Conosco quel sentimento quando non ce la fai più. Nel mio caso non era direttamente a causa di un lavoro, ma ho avuto una fase in cui mi sentivo costantemente sopraffatta e sono andata decisamente giù di morale. Quello che mi ha aiutato allora non erano tanto i classici libri di auto-aiuto, ma piuttosto cose in cui mi sono riconosciuta come persona. "Il significato della vita" di Viktor Frankl è relativamente breve e non difficile da leggere - non riguarda tanto la gestione del burnout quanto trovare un significato, ma per me personalmente è stato liberatorio. E onestamente mi ha aiutato anche semplicemente un buon libro per staccare, non necessariamente uno che parlasse del problema stesso.

Se vuoi qualcosa di più pratico, ho sentito dire che molta gente se la cava bene con "Burnout - La prevenzione dell'esaurimento" di Matthias Burisch, ma non ho idea di quanto sia ancora attuale. Per quanto riguarda i romanzi non posso dirti granché, lì ho dovuto essere onesta e passo - dipende sicuramente da quali sono i tuoi gusti. Ma trovo importante una cosa: cerca di capire anche se hai davvero bisogno di un libro adesso o se quello che ti serve è piuttosto una pausa. A volte leggere stesso diventa una pressione quando sei già così esaurita.

Da me ha aiutato meno un singolo libro, piuttosto la combinazione di qualcosa di pratico e qualcosa che mi distraesse. "The Body Keeps the Score" di van der Kolk mi ha spiegato i fondamenti biologici del perché ci si sente così esausti - in qualche modo ha dato senso alla cosa. Nel frattempo ho passato molto tempo con i romanzi, che semplicemente ti portano in un'altra testa invece di stare sempre a rimuginare sul proprio problema. La combinazione di comprensione + pausa mentale mi ha giovato personalmente più di quanto non mi abbiano fatto i semplici manuali sul "pensiero positivo".

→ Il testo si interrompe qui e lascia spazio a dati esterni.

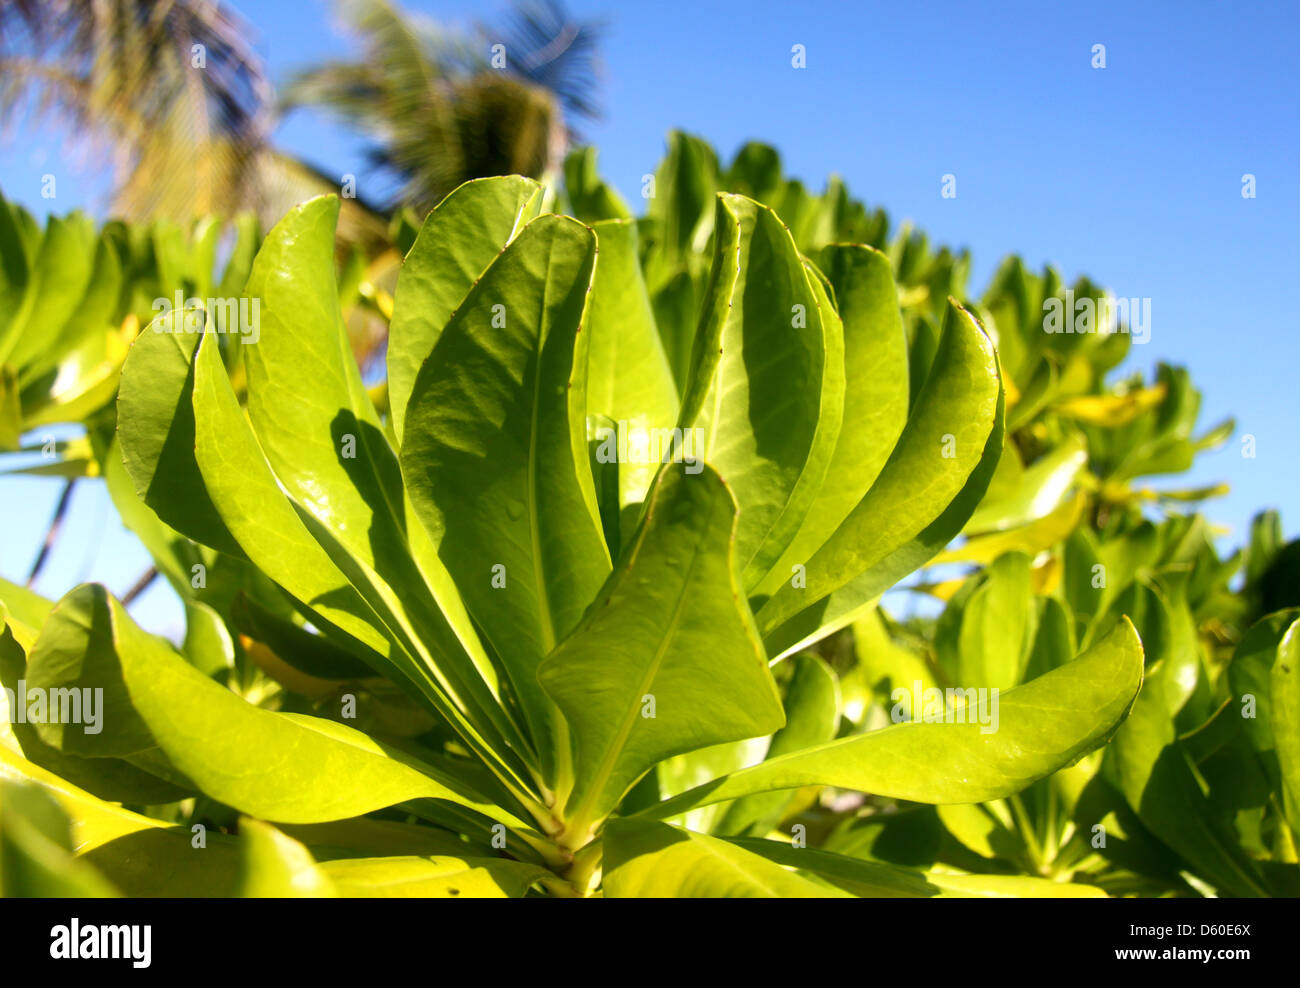 Leaves of mangrove trees Stock Photo

Se accorgi che leggere da solo non basta, prova a stare all'aperto mentre leggi - nel parco o in giardino - invece di chiuderti in casa. Per me questo mix di input e aria fresca ha dato molto più di quanto non faccia consumare solo la teoria.

Altrimenti: alcuni giurano su "Burnout: Das Ausbrennen von innen" di Schaufeli, ma onestamente anche robe più leggere come saggi o perfino fumetti autobiografici sul tema della salute mentale sono meno snervanti quando sei già al limite. A volte hai semplicemente bisogno di qualcosa che non sia così cognitivamente faticoso.